Гость вдруг замолчал, потом, видимо, не удержавшись, тоже разгорячился и уверено продолжил:
– Эта криминально-олигархическая клика пришла к власти четверть века назад под обещания поднять все показатели страны на невиданный уровень сравнительно с Союзом! И что теперь мы имеем от их свершений? Завал во всём! И скажите мне, как можно охарактеризовать народ, который двадцать пять лет уничтожают под глупые сказки о процветании, а он всему верит, да еще и бубнит, будто жить ему стало лучше! Как говорила моя мудрая бабушка: «Ему ссы в глаза, а он твердит, будто божья роса!» Кстати, Пиночет тоже к власти пришел незаконно и крови пролил море, да только страна-то под его началом существенно вырвалась вперед! Может, потому даже народ большую кровь ему простил! Вот как я считаю! Так что теперь? Прошел я вашу проверку? – он доброжелательно рассмеялся, конечно же, надо мной, но не обидно. А его улыбка по-прежнему располагала к доверительному разговору.
Я тоже засмеялся:
– Если вам поверить, то мне с вещами на выход рановато?

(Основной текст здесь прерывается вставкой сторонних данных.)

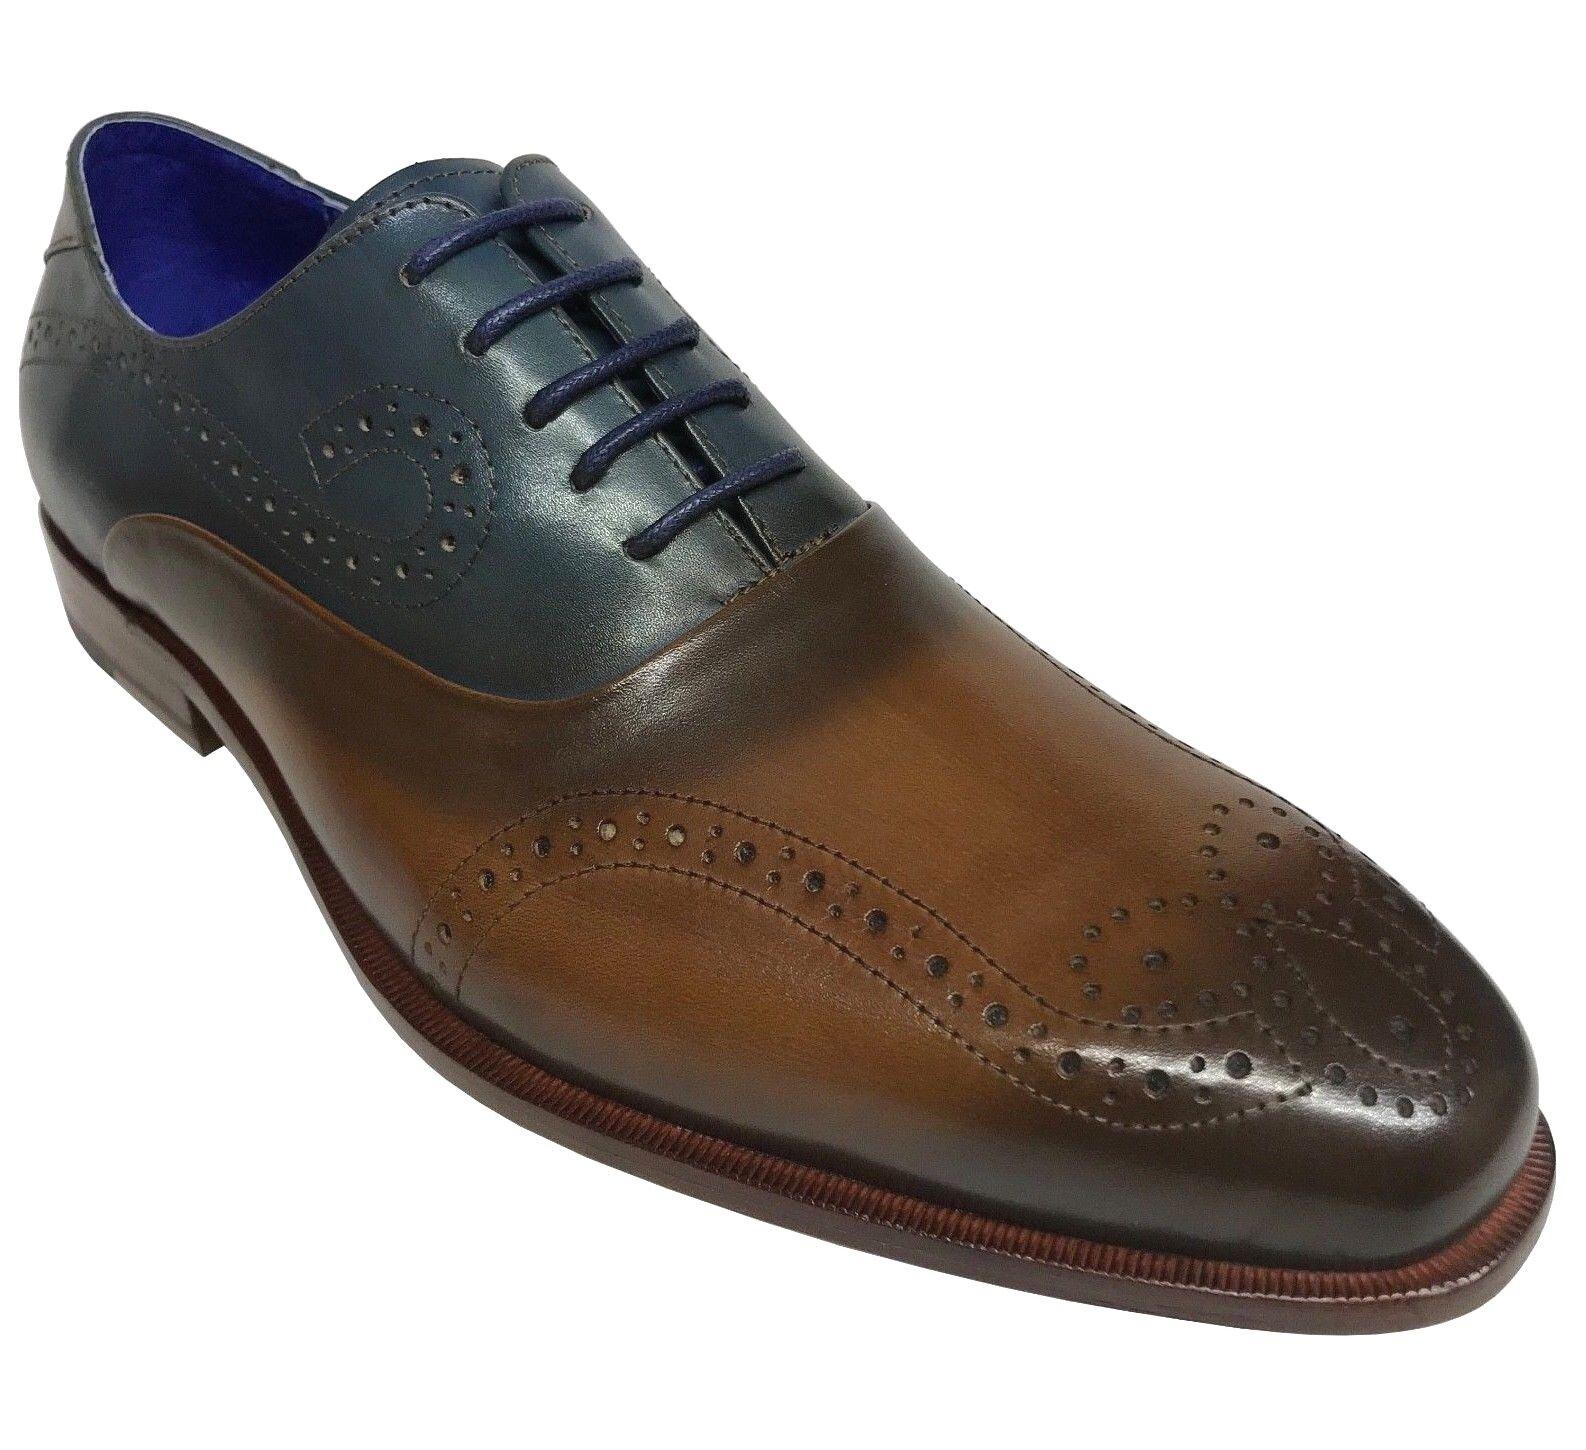 Steven Land Men's Tan Sapphire Genuine Leather Oxford Dress shoes SL0060
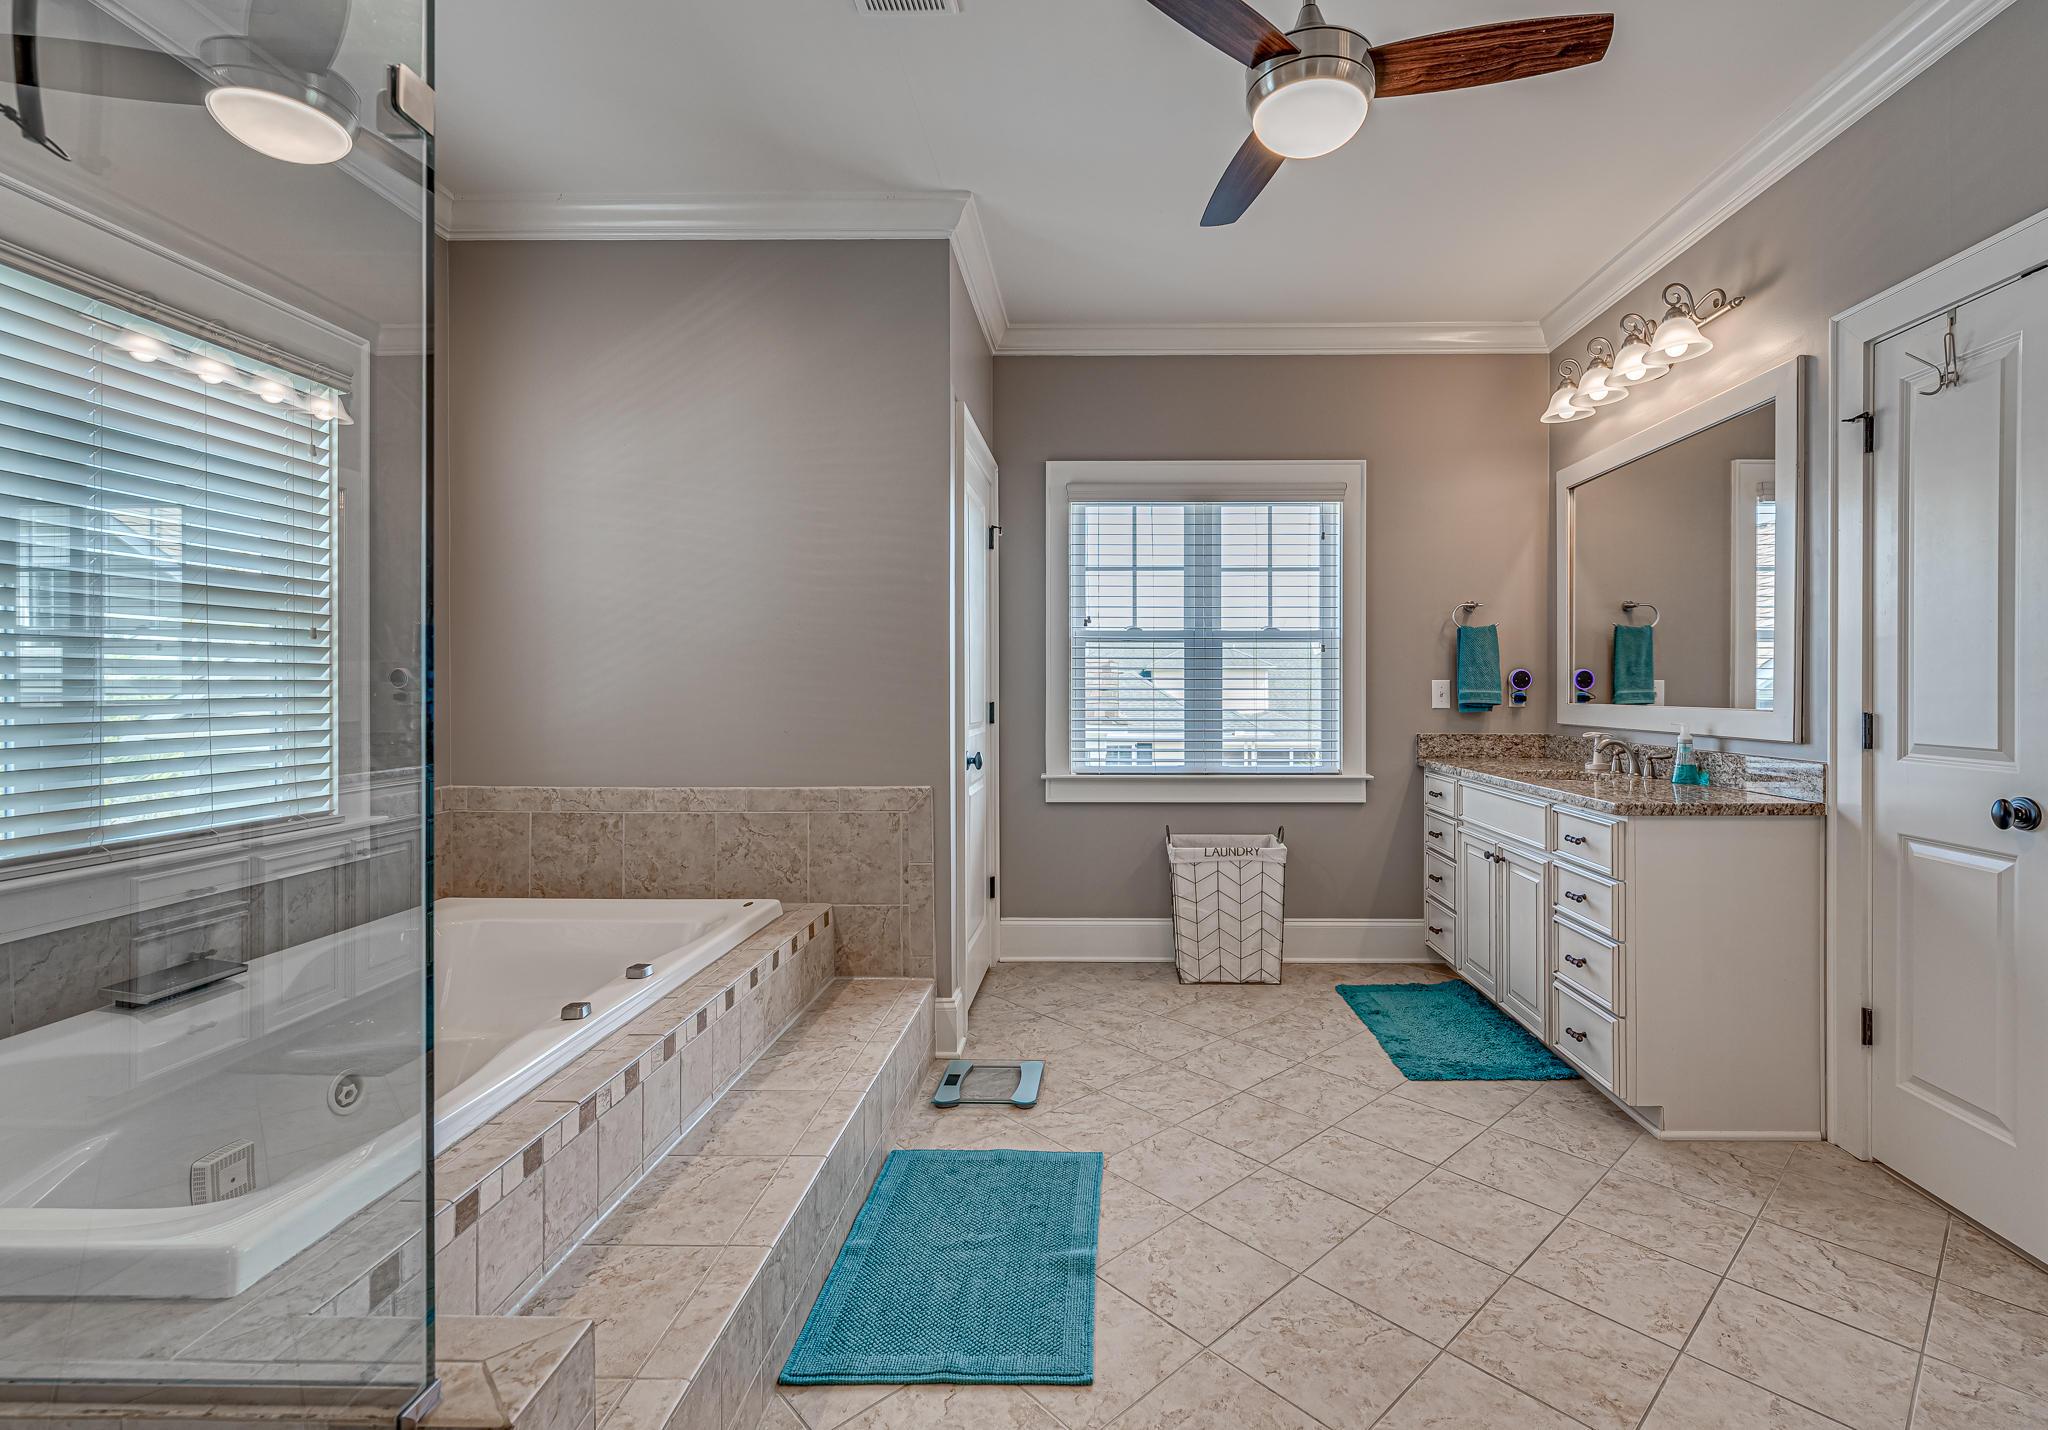 Daniel Island Smythe Park Homes For Sale - 1410 Wando View, Charleston, SC - 56

– На выход? Конечно, рановато! Только при полном выздоровлении, которого я вам искренне желаю! Но я, вижу, вас основательно переутомил, хотя врачи меня во времени не ограничивали! С вашего разрешения я еще как-нибудь наведаюсь. Согласны?
– Буду очень рад, Борис Иннокентьевич! Так же, как рад и вашему сегодняшнему приходу и нашему знакомству! Спасибо за беседу, а то я скоро совсем от людей отвыкну! Больные, между нами говоря, люди кое в чём странные – они только о своих болезнях говорят, хотя об этом стоит как раз молчать! А медсестрам разговаривать на свободные темы, как я понял, здесь не разрешают. Очень уж они от любых разговоров с нами уклоняются! Вот и получается – один я здесь, как в пустыне. Одичал…
*
Некоторое время я наслаждался одиночеством, которое нарушалось лишь медперсоналом. Надо признаться, такой покой мне пришелся по душе, потому я внутренне отнесся несколько враждебно к тому, что у противоположной стены появился очередной сосед.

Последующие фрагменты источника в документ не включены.